Эхекрат. Что же он говорил перед смертью? И как встретил кончину? Очень бы мне хотелось узнать. Ведь теперь никто из флиунтцев подолгу в Афинах не бывает, а из тамошних наших друзей, кто бы ни приезжал за последнее время, ни один ничего достоверного сообщить не может, кроме того только, что Сократ выпил яду и умер. Вот и все их рассказы

Файлы: 1 файл

Платон.docx

— 118.82 Кб (Скачать файл)

 

Симмий улыбнулся.

 

[Душа и тело с точки  зрения познания истины]

 

— Клянусь Зевсом, Сократ, — сказал он — мне не до смеха, но ты меня рассмешил. Я думаю, большинство  людей, услыхав тебя, решили бы, что  очень метко нападают на философов, да и наши земляки присоединились бы к ним с величайшей охотой: ведь философы, решат они, на самом  деле желают умереть, а стало быть, совершенно ясно, что они заслуживают  такой участи.

 

— И правильно решат, Симмий, только вот насчет того, что им ясно, — это неправильно. Им не понятно и не ясно, в каком смысле желают умереть и заслуживают смерти истинные философы и какой именно смерти. Так что будем лучше обращаться друг к другу, а большинство оставим в покое. Скажи, как мы рассудим: смерть есть нечто?

 

— Да, конечно, — отвечал  Симмий.

 

— Не что иное, как отделение  души от тела, верно? А "быть мертвым" — это значит, что тело, отделенное от души, существует само по себе и что  душа, отделенная от тела, — тоже сама по себе? Или, быть может, смерть — это  что-нибудь иное?

 

— Нет, то самое, — сказал Симмий.

 

— Теперь смотри, друг, готов  ли ты разделить мой взгляд. Я  думаю, мы сделаем шаг вперед в  нашем исследовании, если начнем вот  с чего. Как, по-твоему, свойственно  философу пристрастие к так называемым довольствиям, например к питью или  к еде?

 

— Ни в коем случае, о Сократ, — отвечал Симмий.

 

— А к любовным наслаждениям?

 

— И того меньше!

 

— А к остальным удовольствиям  из числа тех, что относятся к  уходу за телом? Как тебе кажется, много они значат для такого человека? Например, щегольские сандалии, или  плащ, или другие наряды, украшающие тело, — ценит он подобные вещи или  не ставит ни во что, разумеется, кроме  самых необходимых? Как тебе кажется?

 

— Мне кажется, ни во что  не ставит. По крайней мере, если он настоящий философ.

 

— Значит, вообще, по-твоему, его заботы обращены не на тело, но почти  целиком — насколько возможно отвлечься от собственного тела —  на душу?

 

— По-моему, так.

 

— Стало быть, именно в  том прежде всего обнаруживает себя философ, что освобождает душу от общения с телом в несравненно большей мере, чем любой другой из людей?

 

— Да, пожалуй.

 

— И наверное, Симмий, по мнению большинства людей, тому, кто не находит в удовольствиях ничего приятного и не получает своей доли, и жить-то не стоит?
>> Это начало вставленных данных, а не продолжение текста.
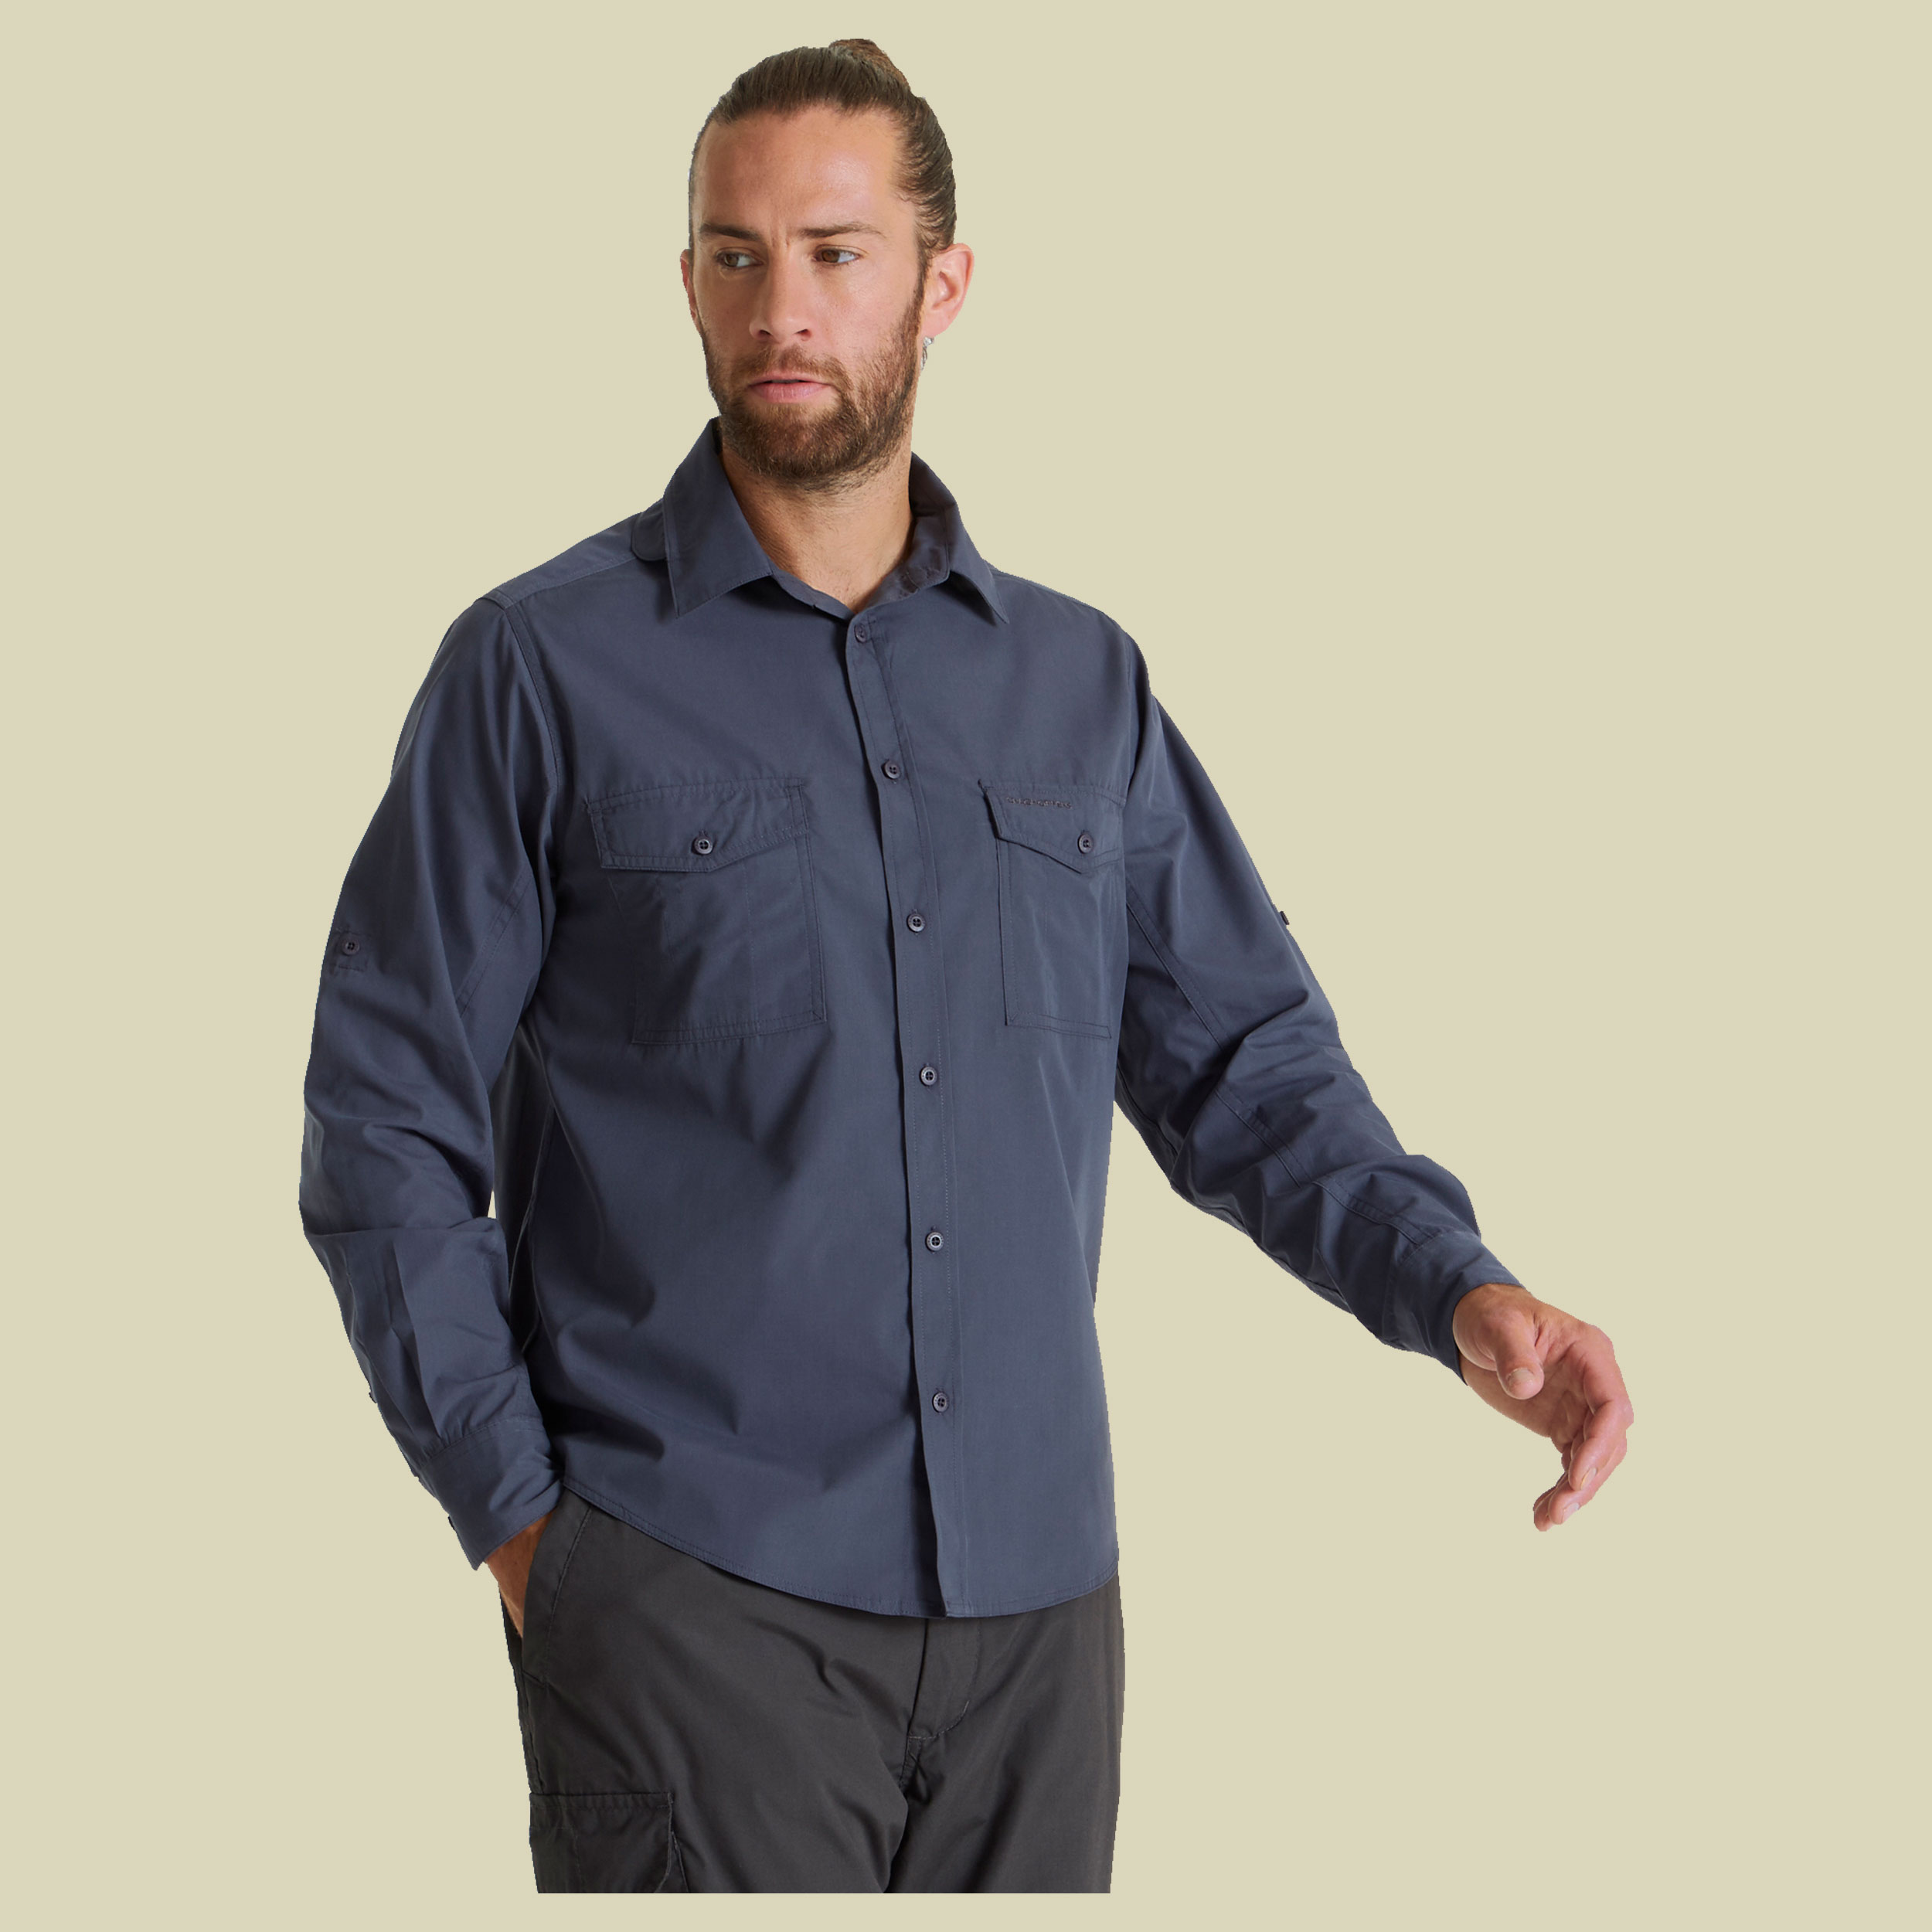 Kiwi Long Sleeved Shirt Men blau S - ombre blue

Ведь он уже на полдороге к смерти, раз нисколько не думает о телесных радостях!

 

— Да, ты совершенно прав.

 

— А теперь взглянем, как  приобретается способность мышления. Препятствует ли этому тело или нет, если взять его в соучастники  философских разысканий? Я имею в  виду вот что. Могут ли люди сколько-нибудь доверять своему слуху и зрению? Ведь даже поэты без конца твердят, что мы ничего не слышим и не видим  точно. Но если эти два телесных чувства  ни точностью, ни ясностью не отличаются, тем менее надежны остальные, ибо все они, по-моему, слабее и  ниже этих двух. Или ты иного мнения?

 

— Нет, что ты!

 

— Когда же в таком случае, — продолжал Сократ, — душа приходит в соприкосновение с истиной? Ведь, принимаясь исследовать что бы то ни было совместно с телом, она — как это ясно — всякий раз обманывается по вине тела.

 

— Ты прав.

 

Так не в размышлении ли — и только в нем одном —  раскрывается перед нею что-то от [подлинного] бытия?

 

— Верно.

 

— И лучше всего мыслит она, конечно, когда ее не тревожит ничто  из того, о чем мы только что говорили, — ни слух, ни зрение, ни боль, ни удовольствие, когда, распростившись с телом, она  останется одна или почти одна и устремится к [подлинному] бытию, прекратив  и пресекши, насколько это возможно, общение с телом.

 

— Так оно и есть.

 

— Значит, и тут душа философа решительно презирает тело и бежит  от него, стараясь остаться наедине  с собою?

 

— Очевидно, так.

 

— Теперь такой вопрос, Симмий. ПризнаЁм мы, что существует справедливое само по себе, или не признаем?

 

— Ну разумеется, признаЁм, клянусь Зевсом.

 

— А прекрасное и доброе?

 

— Как же не признать?

 

— А тебе случалось хоть раз видеть что-нибудь подобное воочию?

 

— Конечно, нет, — сказал Симмий.

 

— Значит, ты постиг это с  помощью какого-то иного телесного  чувства? Я говорю сейчас о вещах  того же рода — о величине, здоровье, силе и так далее — одним  словом, о том, что каждая из этих вещей представляет собою по своей  сущности. Так как же, самое истинное в них мы обнаруживаем с помощью  тела? Или же, напротив, кто из нас  всего тщательнее и настойчивее  приучит себя размышлять о каждой вещи, которую он исследует, тот всего  ближе подойдет к ее истинному  познанию?

 

— Именно так.

 

— Но в таком случае самым  безукоризненным образом разрешит эту задачу тот, кто подходит к  каждой вещи средствами одной лишь мысли (насколько это возможно), не привлекая в ходе размышления  ни зрения, ни иного какого чувства  и ни единого из них не беря в  спутники рассудку, кто пытается уловить  любую из сторон бытия самое по себе, во всей ее чистоте, вооруженный  лишь мыслью самой по себе, тоже вполне чистой, и отрешившись как можно полнее от собственных глаз, ушей и, вообще говоря, от всего своего тела, ибо оно смущает душу всякий раз, как они действуют совместно, и не дает ей обрести истину и разумение. Разве не такой человек, Симмий, больше всех преуспеет в исследовании бытия?

 

— Все, что ты говоришь, Сократ, — отвечал Симмий, — совершенно верно.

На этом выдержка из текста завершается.